Arkansas cannot be ignored. Alabama also boasts a Republican supermajority in
both chambers of the state legislature, due in part to four defectors to the
GOP. Alabama engineered its own immigration reform, resulting in a net drop in
unemployment for all Alabamians.
Rick Perry of Texas may have flubbed in the Presidential
debates, but his state is taking in work, workers, and working for the good of
all. While California has sagged beneath
highest taxes, regulations, and unemployment, Texas continues to rebound.
Indiana under outgoing Governor Mitch Daniels witnessed
budget surpluses, privatization of state roads (with a profit for the public
coffers), right-to-work legislation, and now a voucher program. Indiana swung
uncharacteristically for Obama in 2008, returned to the right in 2012, and will
keep a right course under Governor-elect Mike Pence with a GOP supermajority.

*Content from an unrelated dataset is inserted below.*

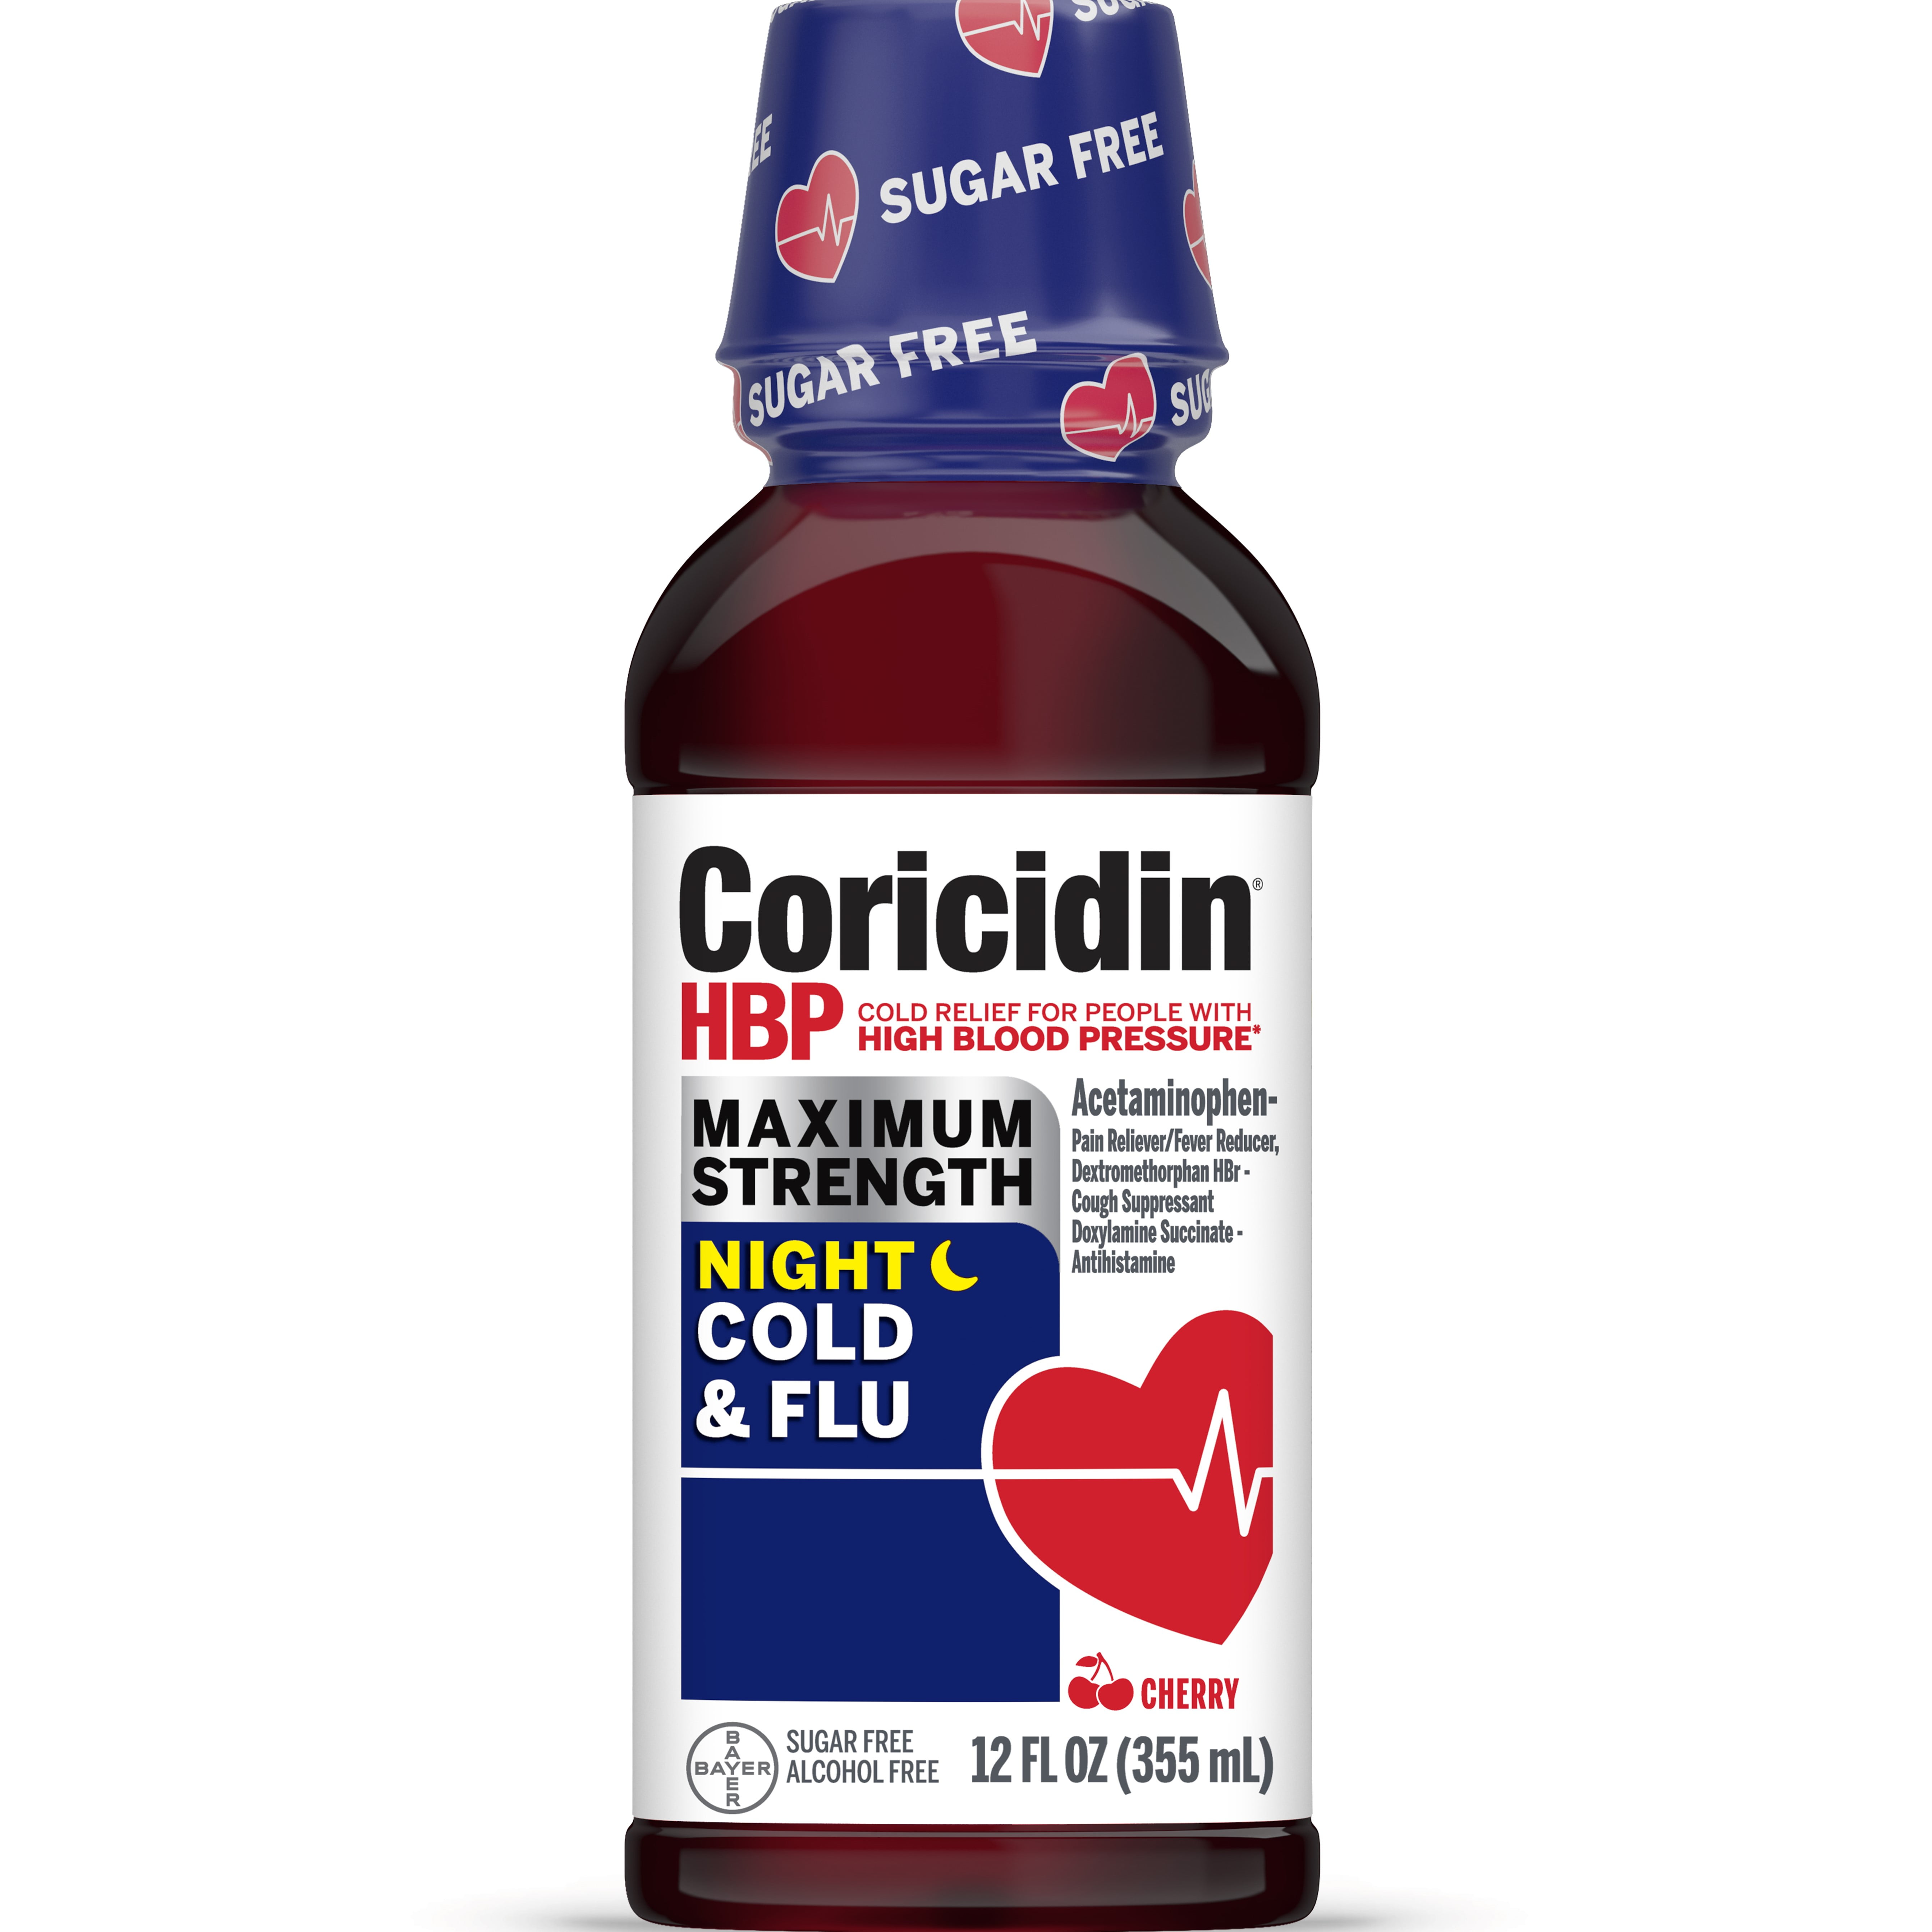 Coricidin HBP Cold & Flu Medicine, Sugar Free Night Liquid, Cherry, 12 fl oz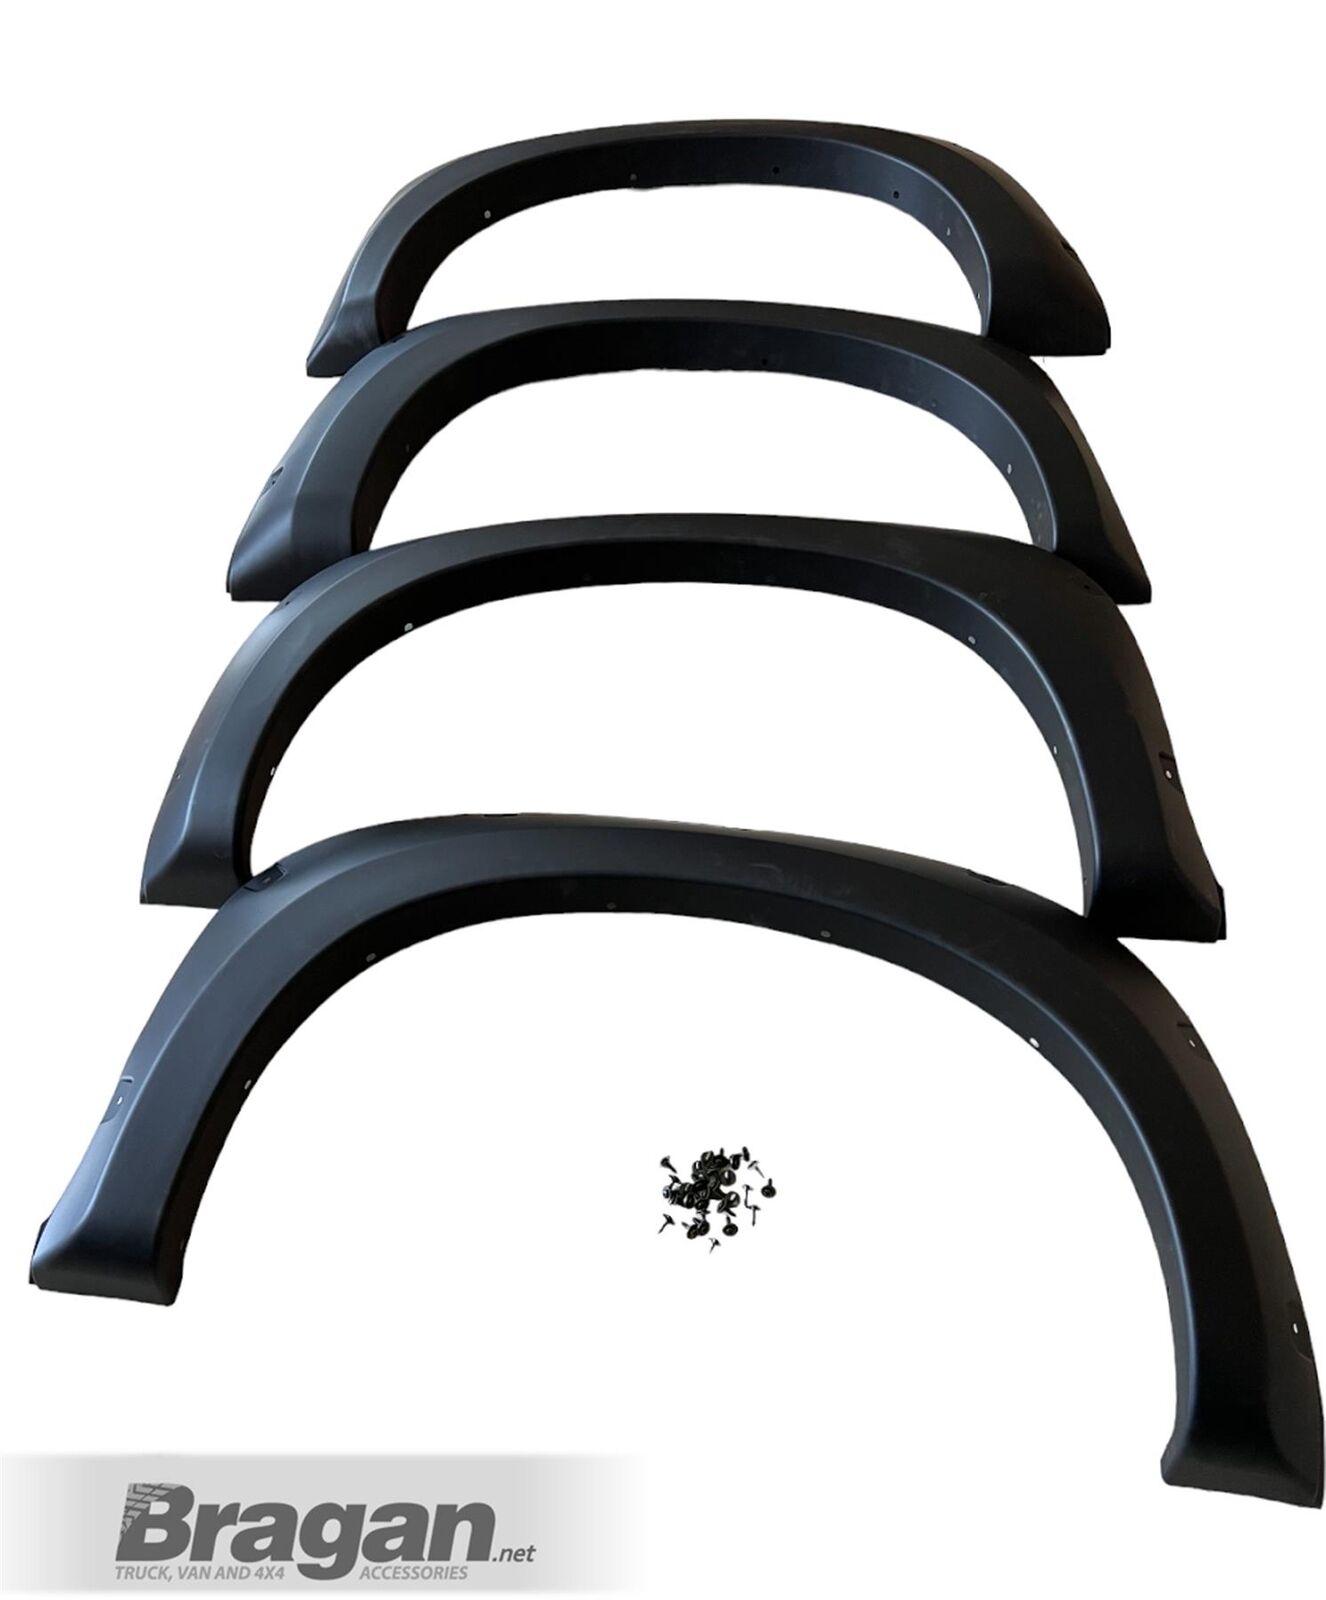 Fender Flare For Isuzu D-MAX 2012-2019 4x4 Wheel Black Arch Mudguard Protection

Wisconsin, the former home of the Progressives and
Collective Bargaining, has witnessed the turn-around against these outdated
programs. Scott Walker walked through budget reforms, tackling the high costs
of worker pensions and benefits and curbing collective bargaining rights. 18%
of Democrats supported his reelection post-recall. Post-2012, Walker’s GOP took
back the state senate and kept the state House. Lower taxes, mining rights, and
education reform will soon follow.
And now Michigan. The Great Lakes State serves as
headquarters for the auto industry, and by extension organized labor. Issuing a
reform bill which rivals the Wisconsin budget reforms of 2011 in importance and
legacy, Republican Governor Rick Snyder has signed into law “right to work”
legislation for public and private sector unions, the twenty-fourth state to
champion the Little Worker against Big Labor. The unions are showing their true
colors in Lansing, red-hot with rebellion, and forcing peace-loving supporters
to spill theirs, red as in blood. Union thuggery is on a full display, along
with the decline and fall of the Labor Union Empire.
GOP stalwarts in Massachusetts and California have less to
celebrate, so far, along with the GOP in Rhode Island and Illinois, where they
remain barely-mentioned opposition. Yet even Rhode Island instituted one of the
most comprehensive pension reforms in the country, and one of “Rhody’s” worst
performing schools submitted to massive layoffs and restructuring. California
leaders have back-pedaled on one projected tax increase, likely responding to
the growing exodus of residents out of the state. Massachusetts has lost a
house seat, and may join Michigan with the dubious distinction of net
population loss.
Keep your eyes on the states, GOP. Minority Republicans,
press for the best for your state, no matter what. 2013 and onward will bring
on the sharper repudiation that was so lacking in 2012.